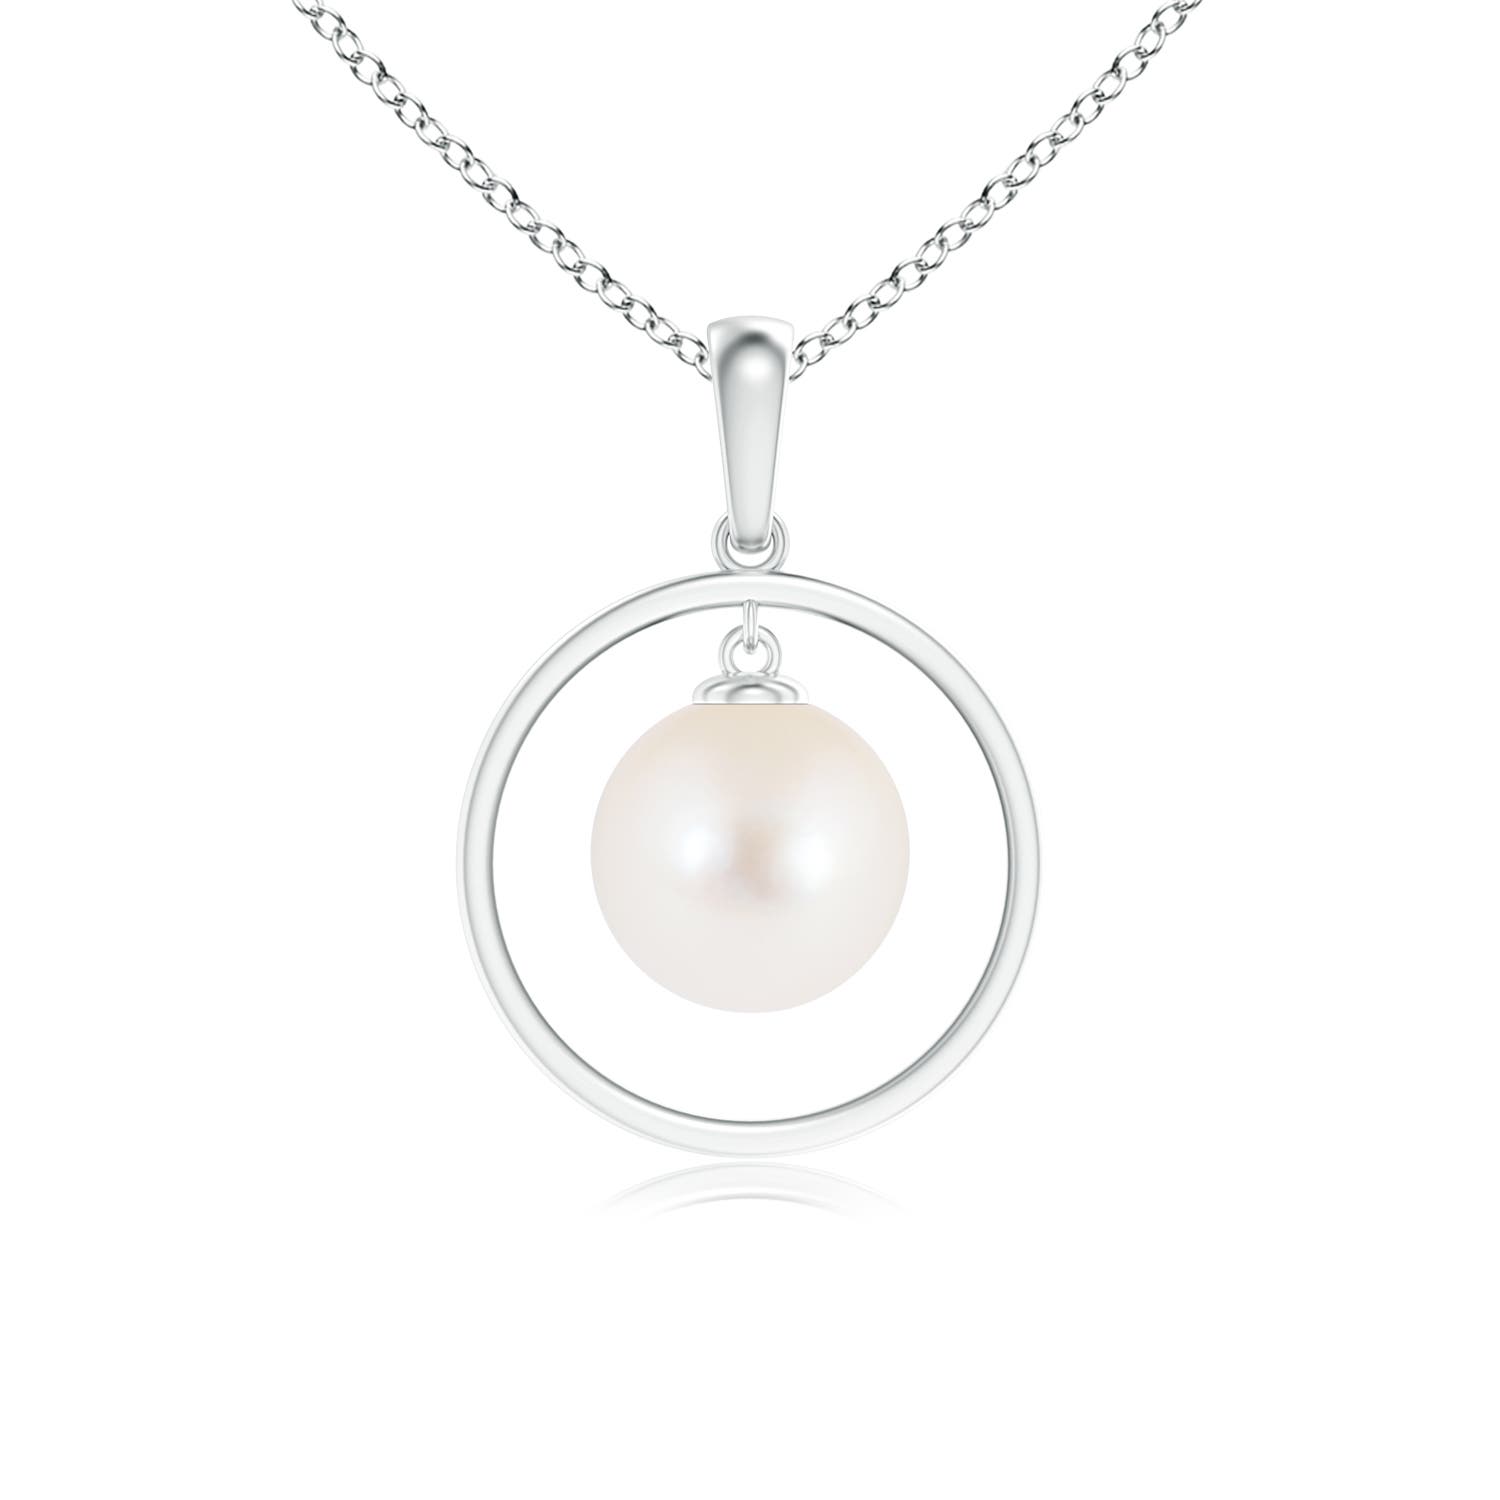 AAA - Freshwater Cultured Pearl / 3.7 CT / 14 KT White Gold
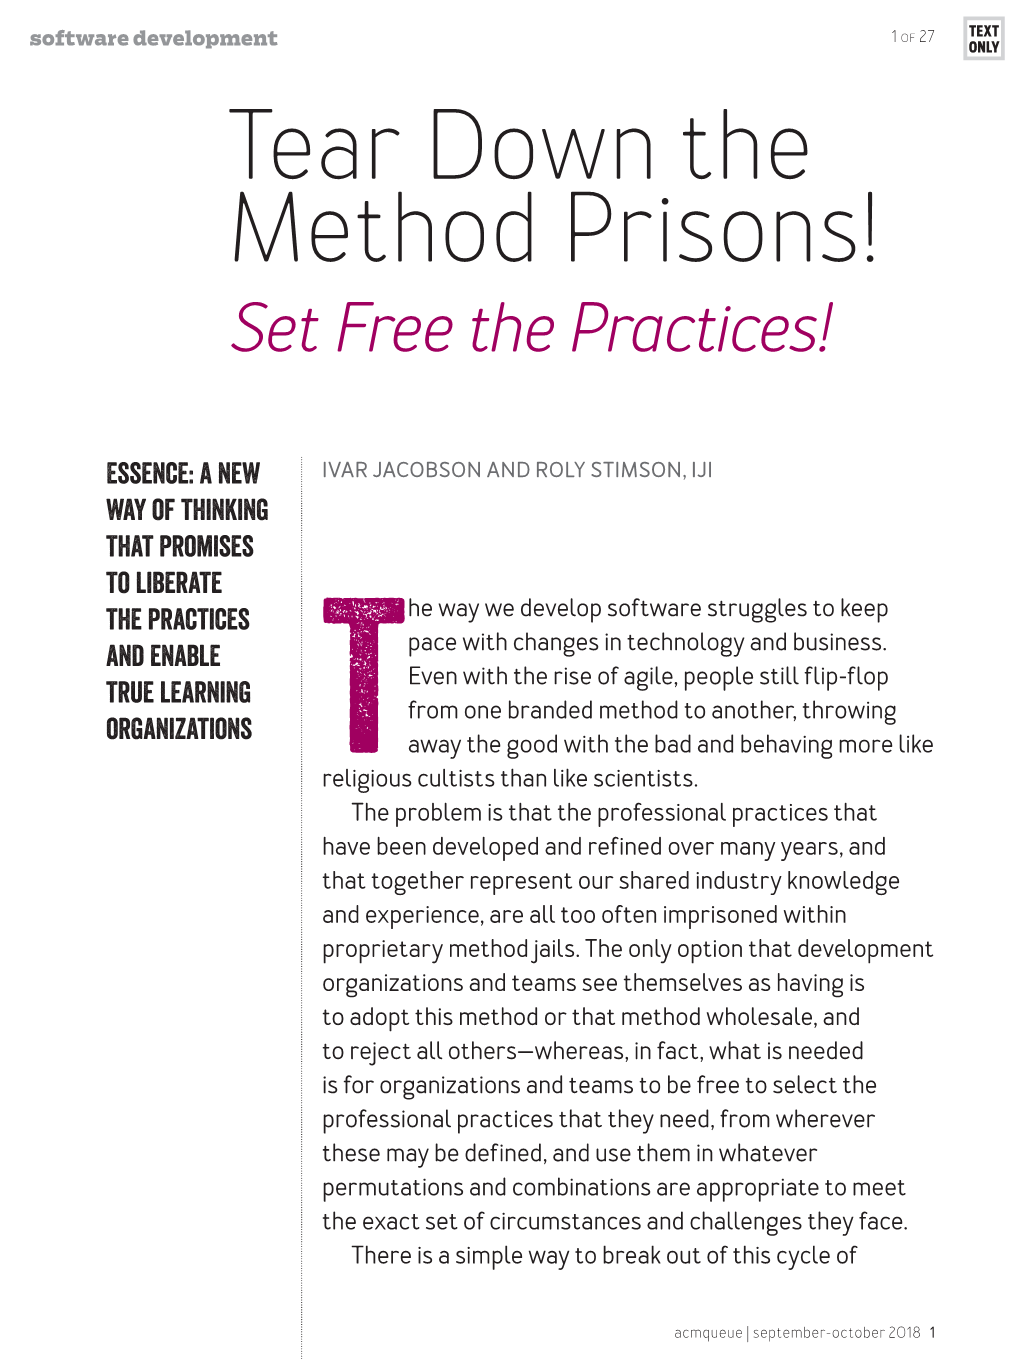 Tear Down the Method Prisons! Set Free the Practices!
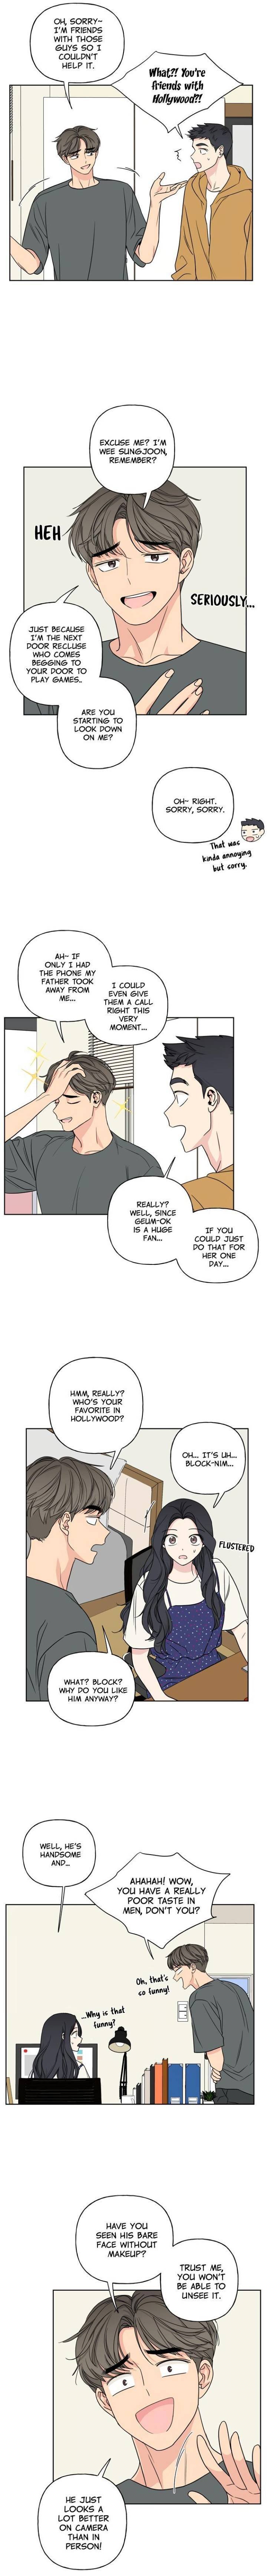 mother-im-sorry-chap-20-4

Work instruction —
Ignore the images and quote every line of the listing exactly.

Answer —
 AAA - Freshwater Cultured Pearl / 3.7 CT / 14 KT White Gold
 Tear Down the Method Prisons! Set Free the Practices!
 mother-im-sorry-chap-20-4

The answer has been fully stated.